OK, with that, we can move on to explanation:  How does this formula work??

I used to call this technique “expand then filter”

Well actually I still do, in my own head.  It’s just that the GFITW is a catchier title.

OK, so the “expand” part is just that first ALL():

CALCULATE([Total Sales],
          ALL(Periods),

The first step in the formula, then, is basically just telling the calc engine to throw away all filters on the Periods table.  In other words, “forget all concept of time, pretend the pivot is not filtered at all with respect to time.”

We do this so that we have a clean slate.  Then, in the subsequent FILTER clauses, we build up a new filter context for time.

One more time for clarity:  the way this formula works is to first throw out all time filters, and then in subsequent steps, we build up new filters to match the time period that we want, which in this case is last year.

Once you understand that, this overall formula starts to get pretty simple.  Each piece of the formula is quite straightforward in its own right.  ALL() is pretty straightforward for sure, and so are the subsequent FILTERS().

OK, we’ve expanded.  Now on to the filters!

The first filter says, “hey, now that we’ve thrown out all time filters, let’s filter time back down to just be last year.”

FILTER(ALL(Periods),
       Periods[Year]=MAX(Periods[Year])-1
)

Let’s talk about the FILTER() function itself for a moment.

How does FILTER() Work?

Honestly this function has deserved its own post for a long time.  I’ll give a brief explanation here.
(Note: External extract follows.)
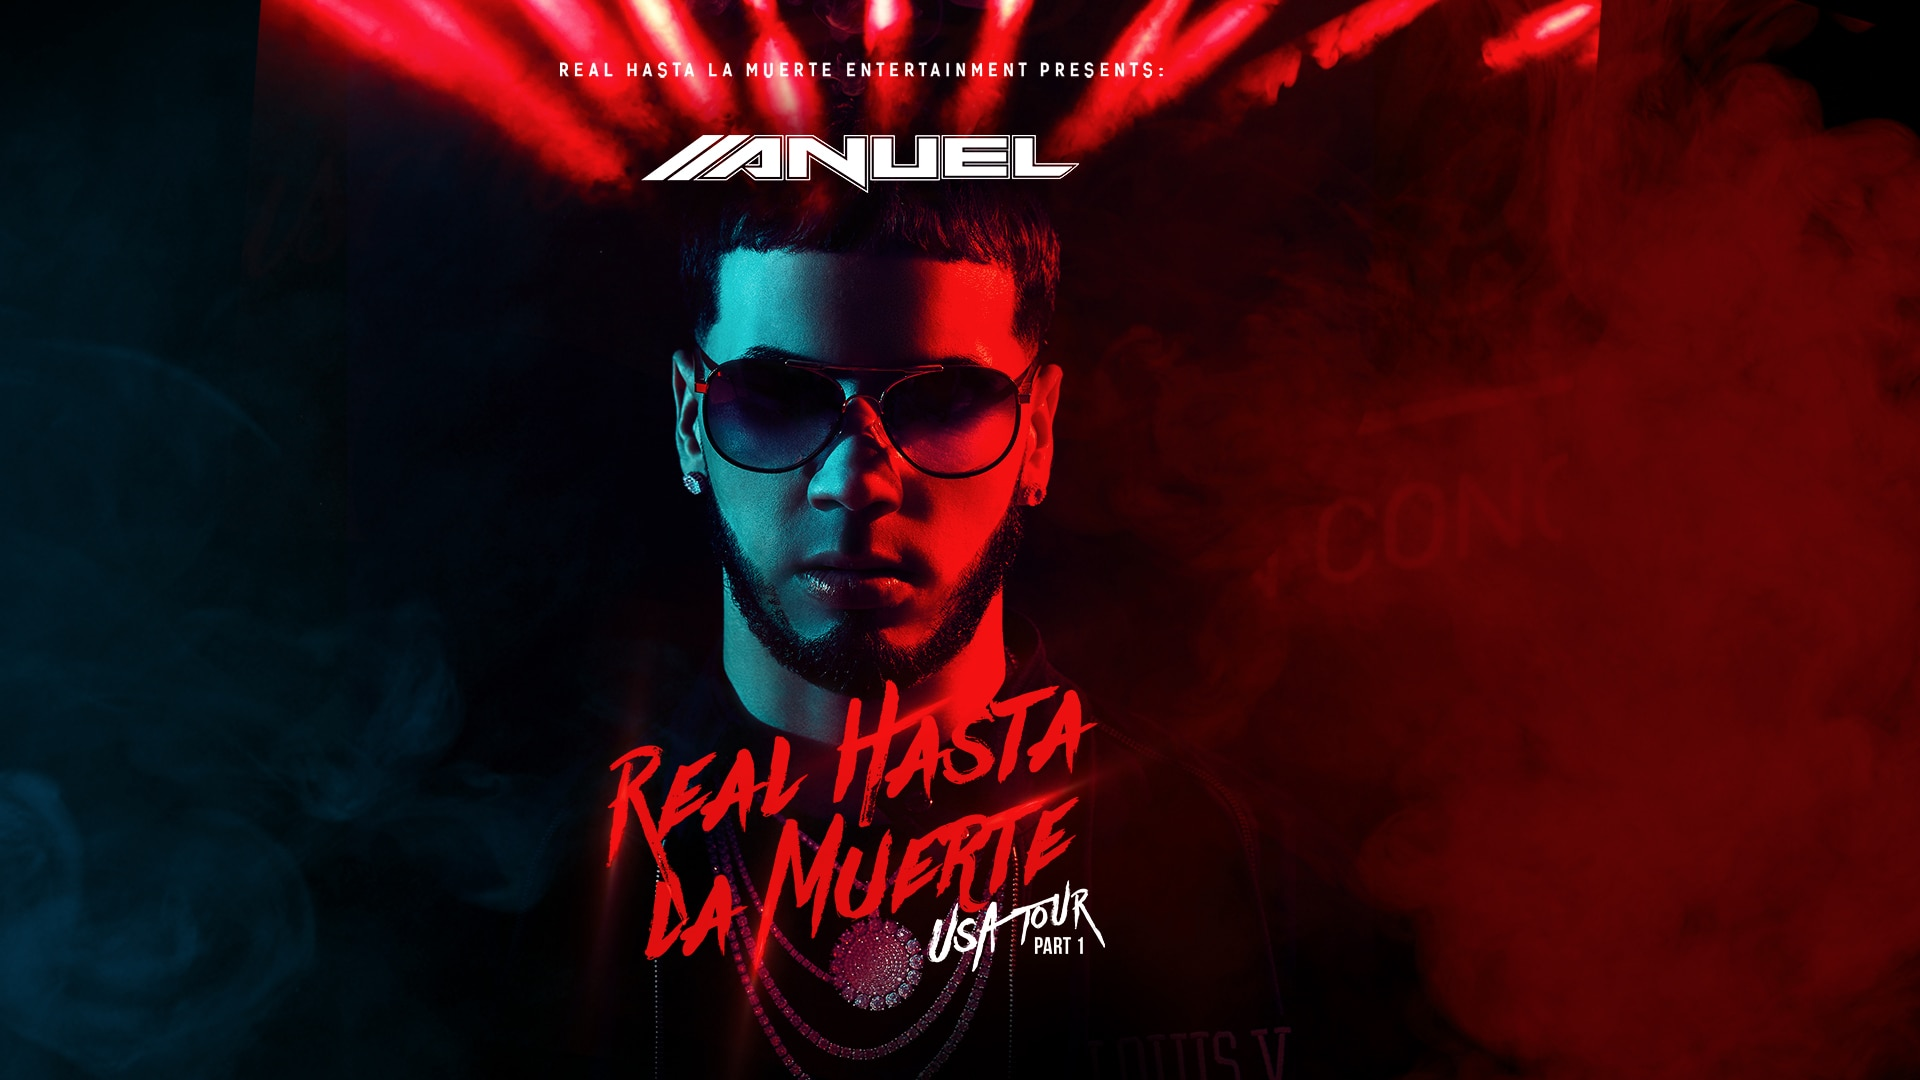 Anuel AA - Real Hasta La Muerta Tour
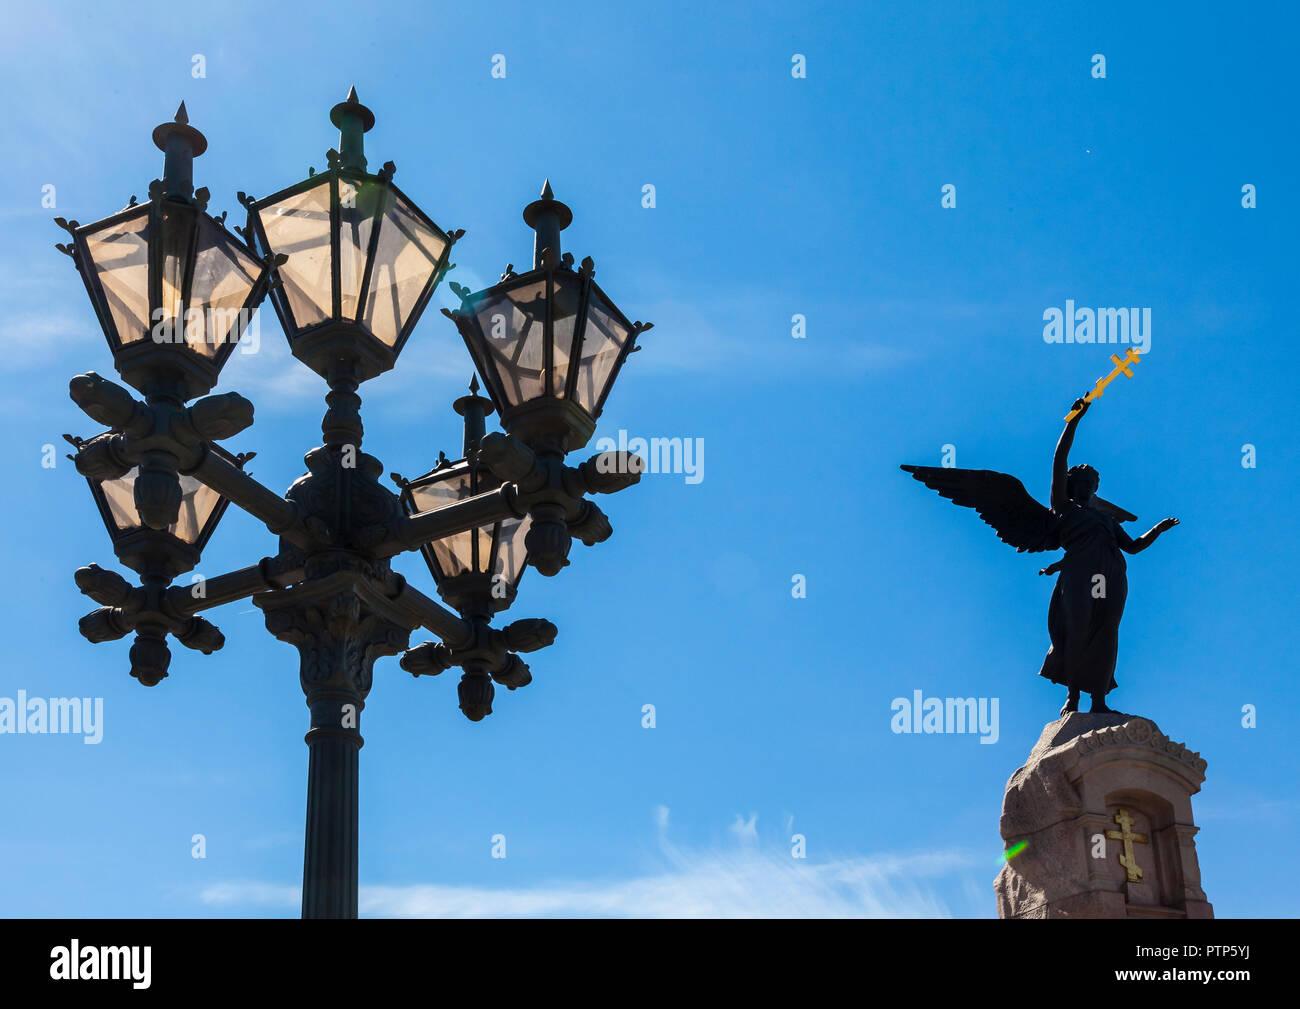 Spectacular lights beside Russalka Memorial in Tallinn commemorating the sinking of Russian warship Rusalka in 1893 - Stock Image

The syntax for the FILTER function is FILTER(TableToFilter, FilterExpression).   Pretty simple.  Here’s some more detail:

  1. FILTER() takes a TableToFilter and a FilterExpression, and returns all rows from that TableToFilter that match the FilterExpression.
    1. In the example above, TableToFilter is ALL(Periods)
    2. and FilterExpression is Periods[Year]=MAX(Periods[Year])-1
  2. FILTER() steps through the TableToFilter one row at a time. 
    1. And for each row, it evaluates the FilterExpression.  If the expression evaluates to true, the row is “kept.”  If not, it is filtered out.
    2. Because FILTER() goes one row at a time, it can be quite slow if you use it against a large table.  When I say “large” that is of course subjective.  A few thousand rows is fine in my experience.  A million is not.  Do not use FILTER() against your fact table.
  3. The FilterExpression typically takes the form of Table[Column] = <expression>
    1. The comparison operator doesn’t have to be “=”.  It can also be <, >, <=, >=, <>
    2. The expression on the right hand side of FilterExpression can be “rich.”  This is VERY useful.  In a simple CALCULATE, the right side of each filter expression has to be simple, like a literal number (9) or a string (“Standard”).  The fact that FILTER() allows for rich expressions here is one of the most common reasons I use FILTER().
    3. The Table[Column] in the filter expression is a column in the TableToFilter.  If you are filtering the Periods table, it makes sense that you are testing some property of each row in Periods.  I can’t think of a sensible reason to use a column here that is NOT from TableToFilter.  (Insert “boot signal” here, maybe the Italians can address this).
  4. FILTER() ignores everything else going on in your formula and acts completely on its own.
    1. For example, our overall formula sets ALL(Periods) as the first argument to CALCULATE.
    2. The FILTER()’s that come after that do NOT pay any attention to other arguments however, including that ALL(Periods).
    3. In other words, the FILTER() functions are still operating against the original filter context from the pivot!  If the pivot is sliced to Year=2009, then the FILTER() function starts with the Periods table already pre-filtered to just 2009.
    4. This is why each of my FILTER()’s uses ALL(Periods) for TableToFilter.  I have to repeat the “expand” step so that my FILTER() is also working from a clean slate.
  5. Even though each FILTER() operates on its own, their results then “stack up” in the overall formula.
    1. Even though FILTER() RETURNS a set of rows that matched the FilterExpression, it actually REMOVES rows from the overall filter context.
    2. This sounds tricky but really it isn’t.
    3. Let’s say our TableToFilter contains 6 rows:  A, B, C, D, E, and F.
    4. And our overall formula contains two FILTER() clauses that both operate on the same TableToFilter, just like our overall formula near the beginning of this post.
    5. Let’s also say that the first FILTER() returns rows A, B, C, and D.
    6. And the second FILTER() returns rows C, D, E, and F.
    7. The net result is that only rows C and D are left “alive” in the overall filter context of the formula.
    8. So one way to think of this is that FILTER()s “stack up” on top of each other.
    9. Another way to think of it is that even though the first filter RETURNED rows A, B, C, and D, its real effect was to REMOVE all other rows (E and F) from consideration.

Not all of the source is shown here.